Research Note · Updated June 5, 2026
Running Local Models at Home
The headline: On an 8GB Mac Mini, you can run five genuinely useful small models locally, but none of them is good at everything. Gemma 4 E2B is the overall winner at 82.2% weighted score. Bonsai 8B and LFM 2.5 are tied for second at ~79%. But the real finding is structural: the models' architectures are diverging so fast that "which model is best" depends on what you're doing, and the answer keeps changing.
Summary Results
Thirty prompts across eight categories, three temperatures, three repeats each = 90 scored items per model. Weighted score penalizes hallucination (3x) and broken tool calls (2x) harder than formatting mistakes. The table below shows each model's best temperature configuration:
| Rank | Model | Best Temp | Weighted% | Pass% | Strengths | Weaknesses |
|---|---|---|---|---|---|---|
| 1 | Gemma 4 E2B | 1.0 | 82.2% | 72.2% | Instruction following (97%), planning (100%), explanation (100%), context reasoning (100%) | Agent/tool-calling (40-53%) |
| 2 | Bonsai 8B | 0.3 | 79.4% | 71.1% | Agent tool-calling (60%), context reasoning (100%), fastest inference (2-bit quant) | 2-bit precision loss causes instruction drift on edge cases |
| 3 | LFM 2.5 | 0.3 | 78.9% | 70.0% | Hallucination resistance (83% at t0.3), multi-step tool chains, clean refusal behavior | Verbose reasoning (50-70% of output), sometimes hallucinates service names |
| 4 | Qwen 4B | 0.7/1.0 | 74.4% | 63.3% | Balanced across all categories, never spectacularly fails | Shallow on long prompts, no standout strength |
| 5 | Ministral 3B | 0.7 | 68.3% | 54.4% | Competitive on instruction following at t0.7 | 10+ points behind the next model in every category |
Key takeaway from the numbers: The top three are within 3.3 points of each other. That is not a decisive win — it is a cluster. Gemma leads on instruction-following and content generation. LFM leads on hallucination resistance. Bonsai leads on agent tool-calling and speed. The practical choice depends on which failure mode you can tolerate.
1. Why I Did This
The local inference space is moving fast. Six months ago, running an 8B model on consumer hardware meant watching a slideshow of barely-coherent text. Today, a $600 computer can serve useful output from several different architectures. But "useful" is not uniform — different models hallucinate in different ways, handle tools differently, and break on different kinds of prompts.
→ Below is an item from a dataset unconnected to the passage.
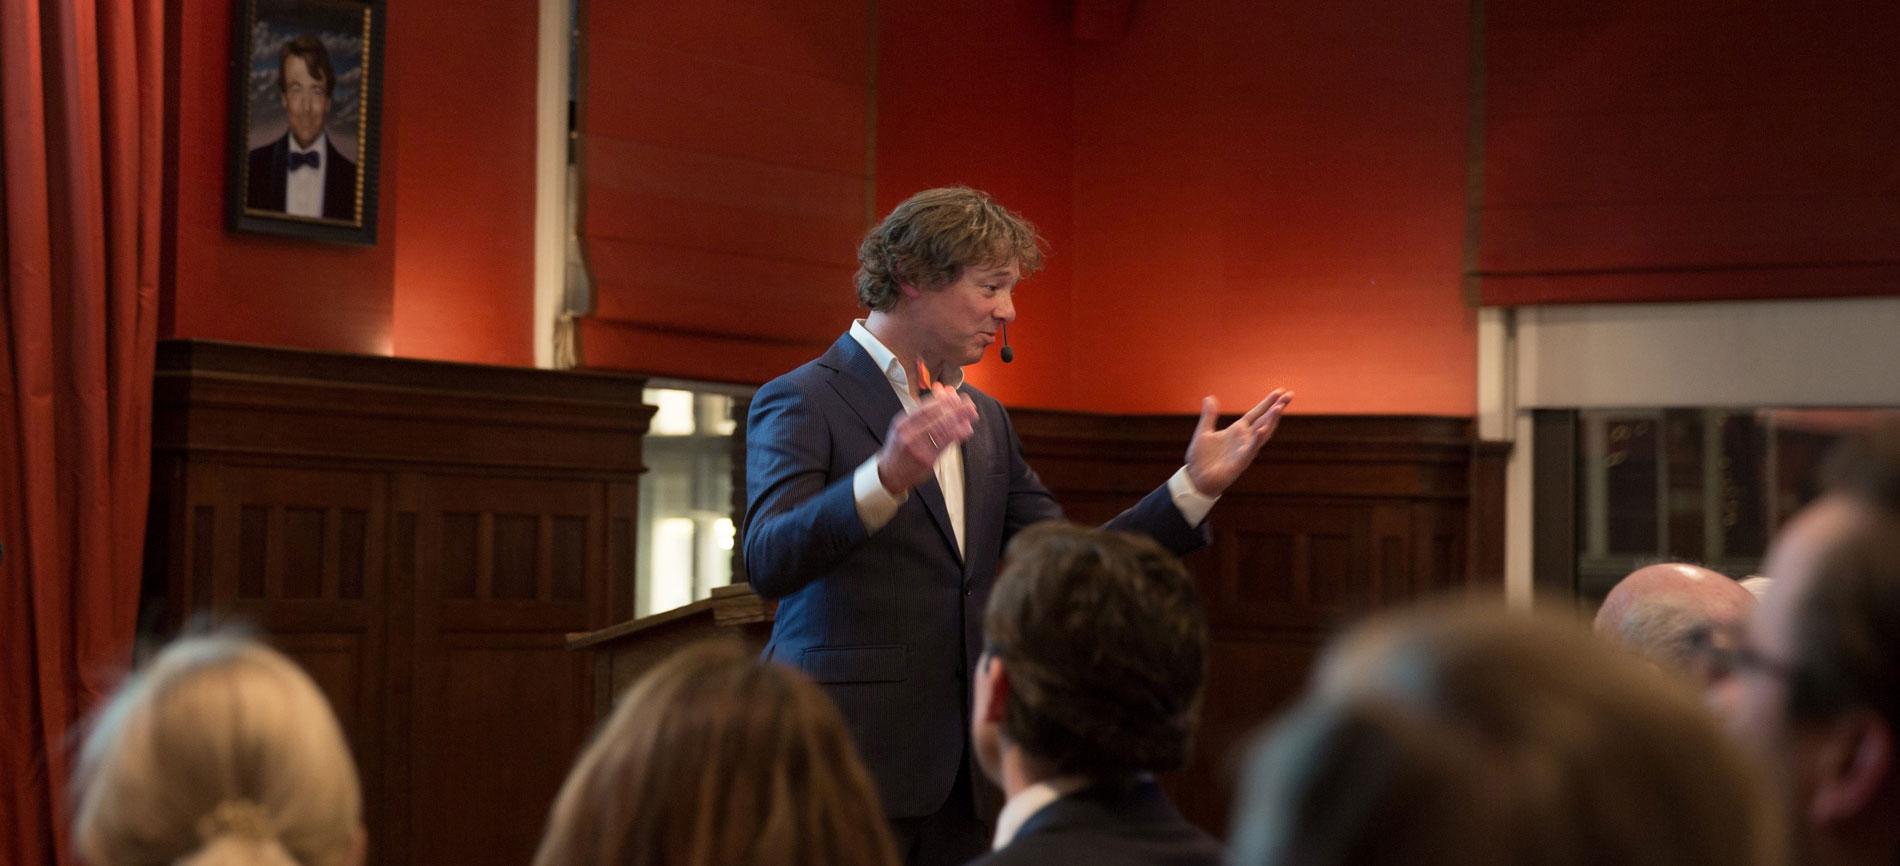 Frits Sissing spreker tv presentator dagvoorzitter

I wanted to understand the actual capability surface of these small open models without a vendor's marketing layer between me and what they produce. The only way to do that is to run them yourself, on your own hardware, with your own prompts.
2. The Models
The five accepted models, with their actual architectures:
| Model | Architecture | Active Params | Total Size | Source |
|---|---|---|---|---|
| Gemma 4 E2B (Google) | Dense (E2B = 2B effective) | 2B | ~2B | Local (LM Studio) |
| Bonsai 8B | 2-bit MLX quantized dense | ~8B (degraded precision) | 8B (2-bit) | Local (LM Studio) |
| LFM 2.5-8B-A1B (Liquid AI) | Mixture of Attention (MQA) | ~2.5B | 8B | Local (LM Studio) |
| Qwen 3.5 4B (Alibaba) | Dense | 4B | 4B | Local (LM Studio) |
| Ministral 3B (Mistral) | Dense | 3B | 3B | Local (LM Studio) |
Note on "8B": The class labels are misleading. Gemma 4 E2B is 2B with a clean training recipe. LFM 2.5 has 8B total but only ~2.5B active per forward pass. Bonsai is 8B quantized to 2 bits — fast, but lossy. Qwen is genuinely 4B. Ministral is 3B. Calling these "five 8B models" is wrong. They are five different architectures at five different sizes.
3. How I Tested
Thirty prompts across eight categories, each reflecting a task I actually perform — HOA board emails, code debugging, investment analysis, tool orchestration, technical writing. Each prompt has a rubric with pass/partial/fail criteria and a cost-of-failure weight (HIGH = 3, MED = 2, LOW = 1). A hallucinated financial planning recommendation weighs 3x more than a formatting issue in a summary.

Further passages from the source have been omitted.